Keiffer worked for more than 20 years in data processing for a global company before earning his doctorate and entering academia. “Most of what we saw when I was first getting into corporate America was that they preferred for employees to have an undergraduate degree, but it was not necessarily a requisite,” he said. “When I was leaving corporate America, it was required for all new employees to have an undergraduate degree.
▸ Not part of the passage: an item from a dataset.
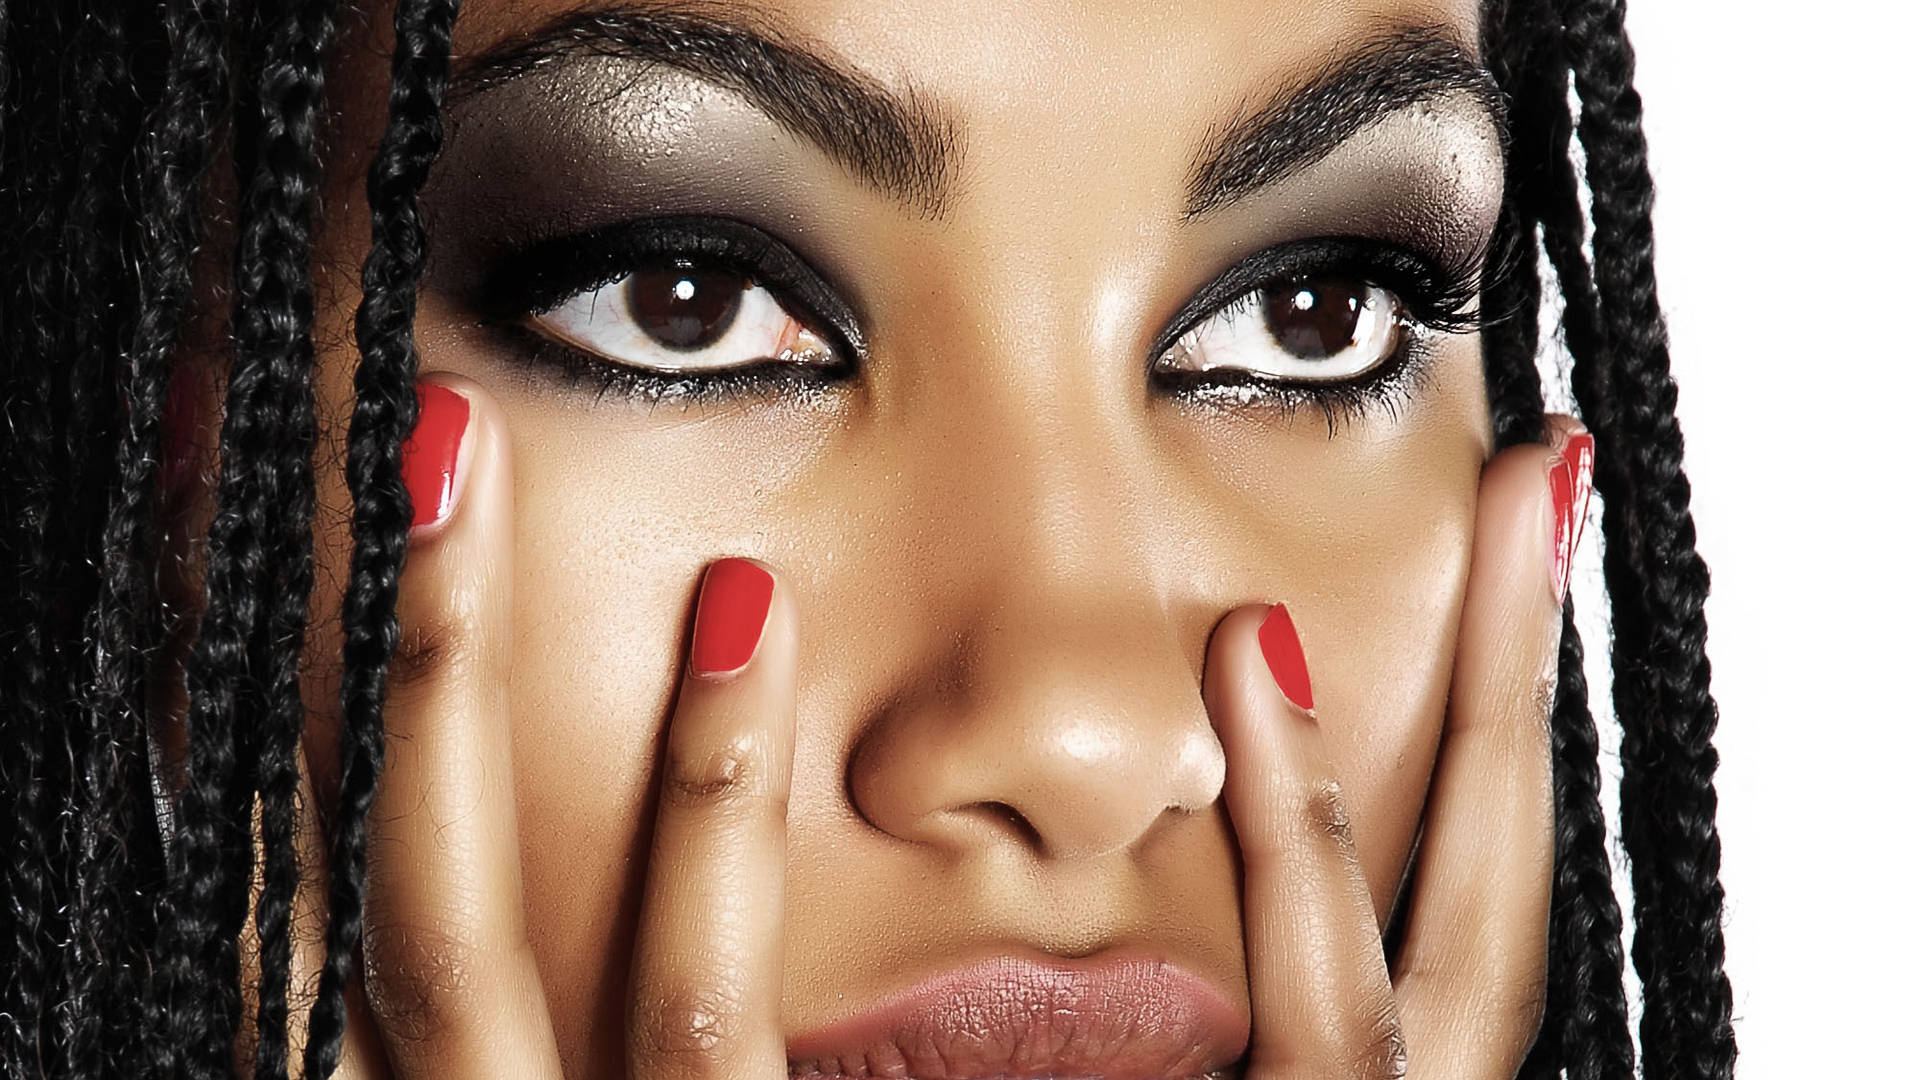 VISAGE: Makeup Services

So, the next thought is, ‘How can they differentiate the pool of candidates?’”
To the chagrin of many freshly minted, bachelor’s degree-carrying graduates, many starting-level jobs request additional qualifications to make the cut. “Organizations are fairly confused about what degrees mean today,” Keiffer explained. “Even entry-level job screeners often want several years of experience or the equivalent years of education, in addition to a bachelor’s degree.”
Hence, candidates are finding ways to set themselves apart – one of those ways is obtaining a graduate degree. “The pyramid gets narrower at the top,” Keiffer said.
Linda Abraham, founder and CEO of Accepted, a Los Angeles-based company specializing in helping college applicants optimize their application materials and enrollment process, has seen an uptick of students looking to get into graduate programs. “Our graduate business has been growing,” she said. “You see this trend that more and more degrees are required.”
In some careers in which an associate’s degree has traditionally sufficed, like nursing, now a bachelor’s degree is widely preferred. In other fields in which a bachelor’s degree was common – like social work – now a master’s is becoming standard. In areas like research, a doctorate, rather than a master’s, has become the expected degree.